• [Task to complete]
Below, find the line containing "Gilia é a segunda" and the line containing "Ducray – EXTRA"; reproduce exactly those two and every line between them, omitting pictures.

• [Excerpted data]

━━━━━━

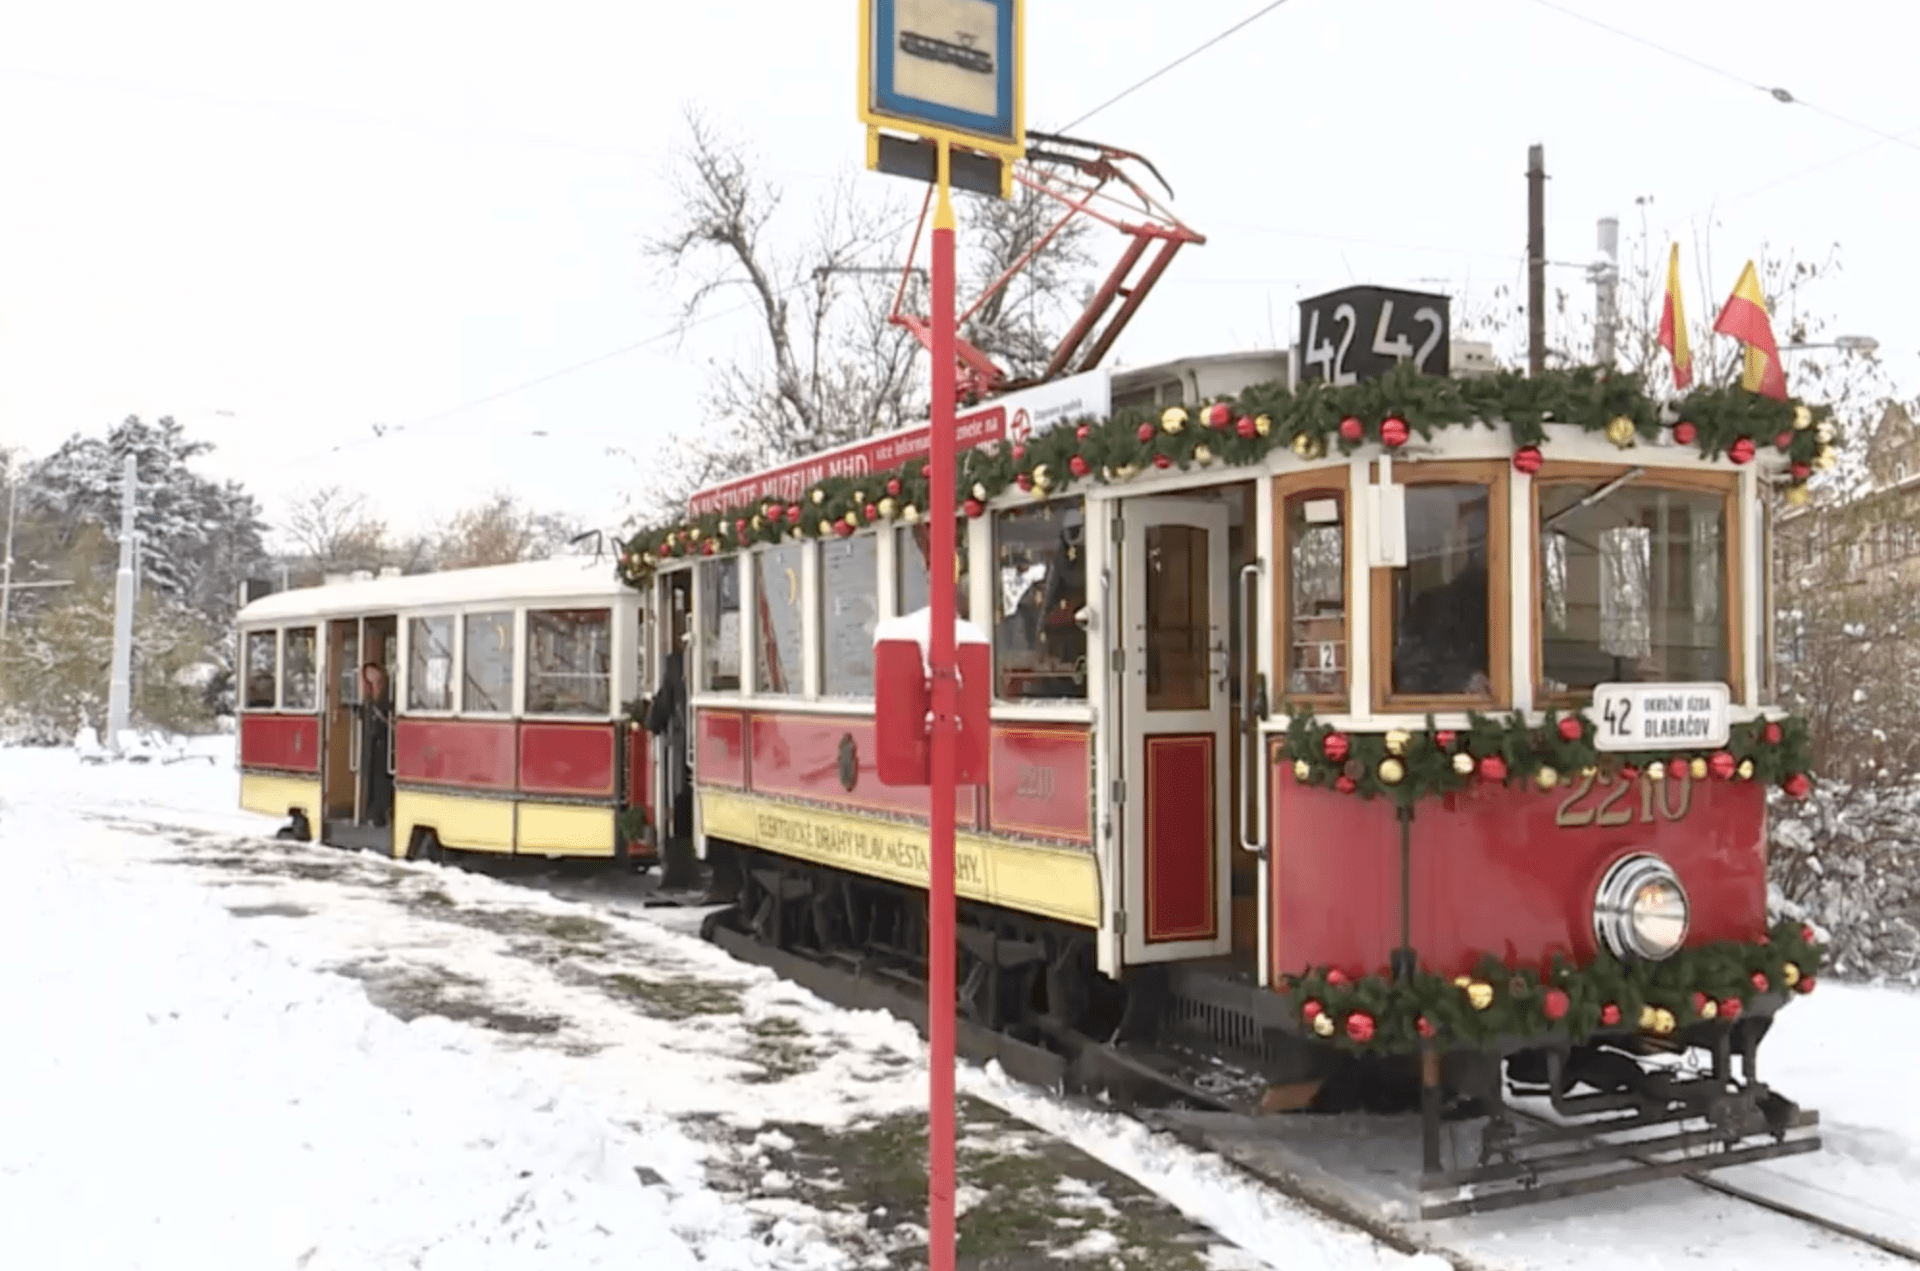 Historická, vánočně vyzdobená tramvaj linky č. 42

━━━━━━

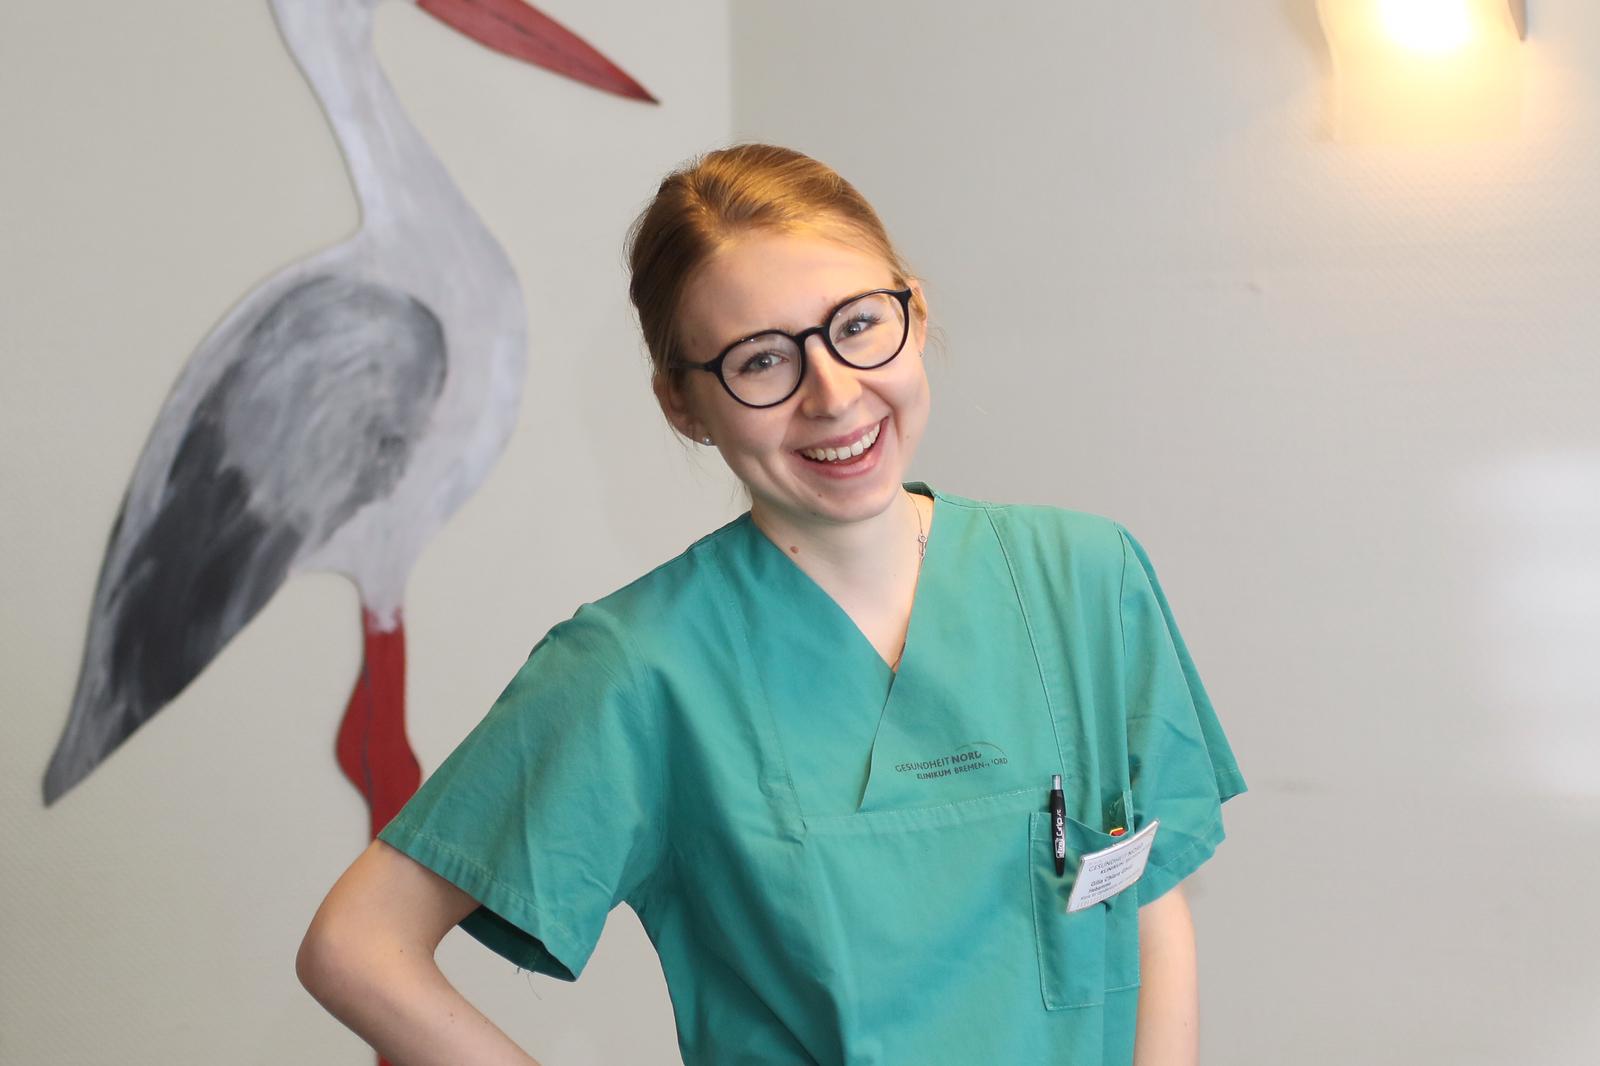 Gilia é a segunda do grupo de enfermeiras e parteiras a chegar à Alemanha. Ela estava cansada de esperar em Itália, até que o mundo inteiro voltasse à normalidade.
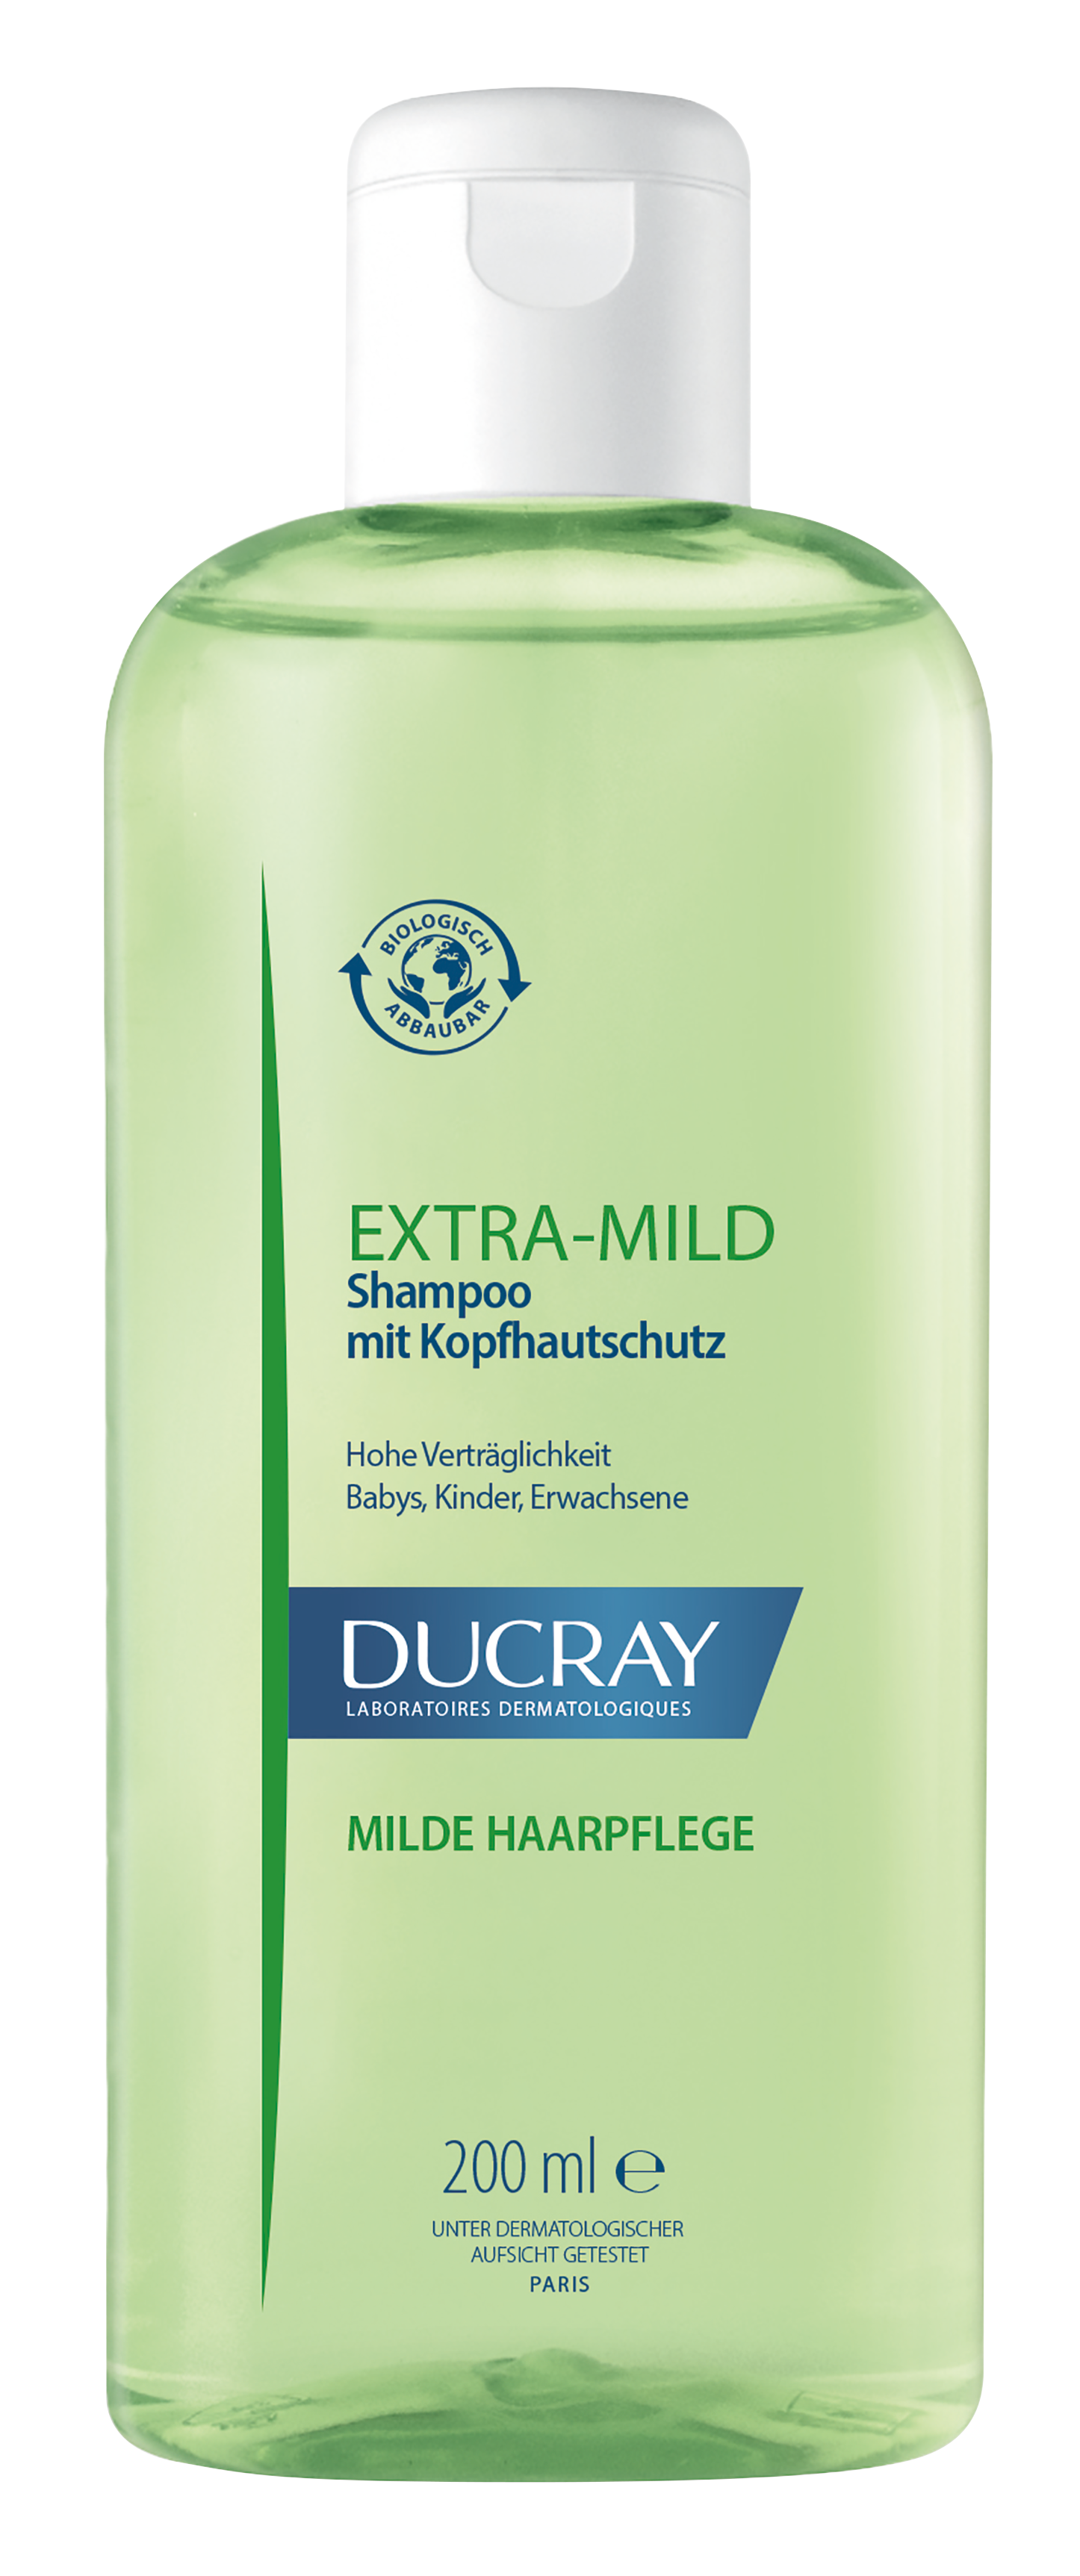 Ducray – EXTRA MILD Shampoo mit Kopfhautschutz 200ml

━━━━━━

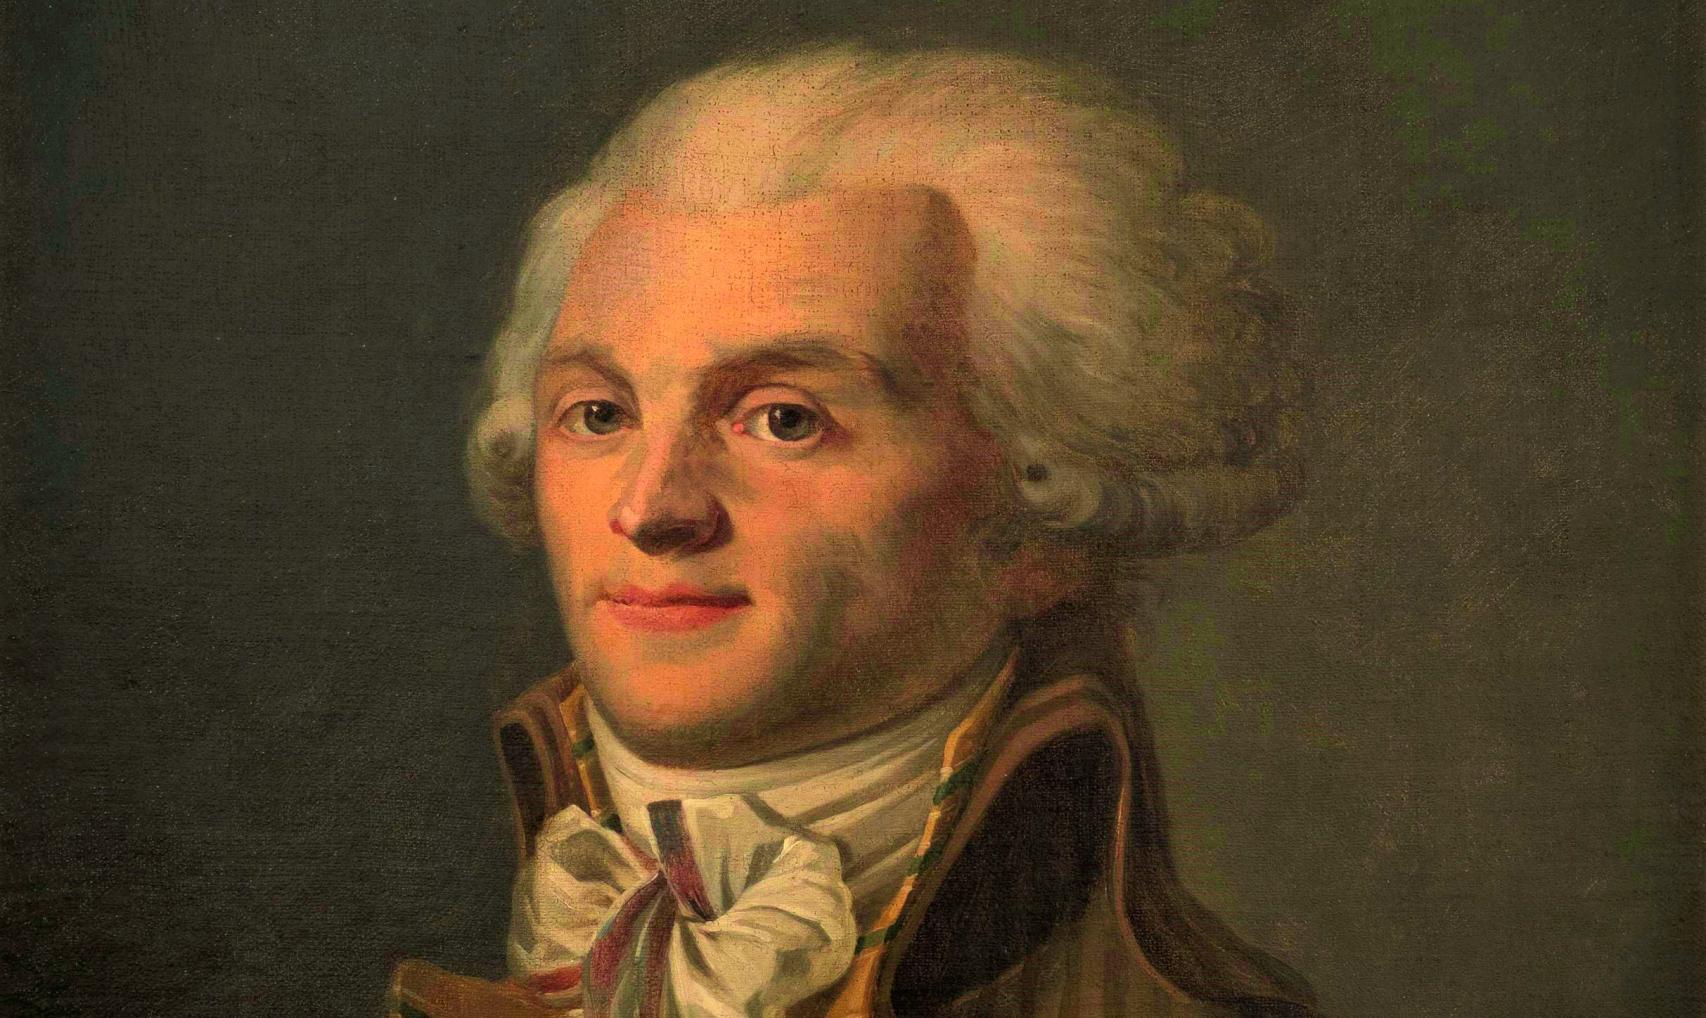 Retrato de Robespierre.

━━━━━━

• [Reply to the task]
 Gilia é a segunda do grupo de enfermeiras e parteiras a chegar à Alemanha. Ela estava cansada de esperar em Itália, até que o mundo inteiro voltasse à normalidade.
 Ducray – EXTRA MILD Shampoo mit Kopfhautschutz 200ml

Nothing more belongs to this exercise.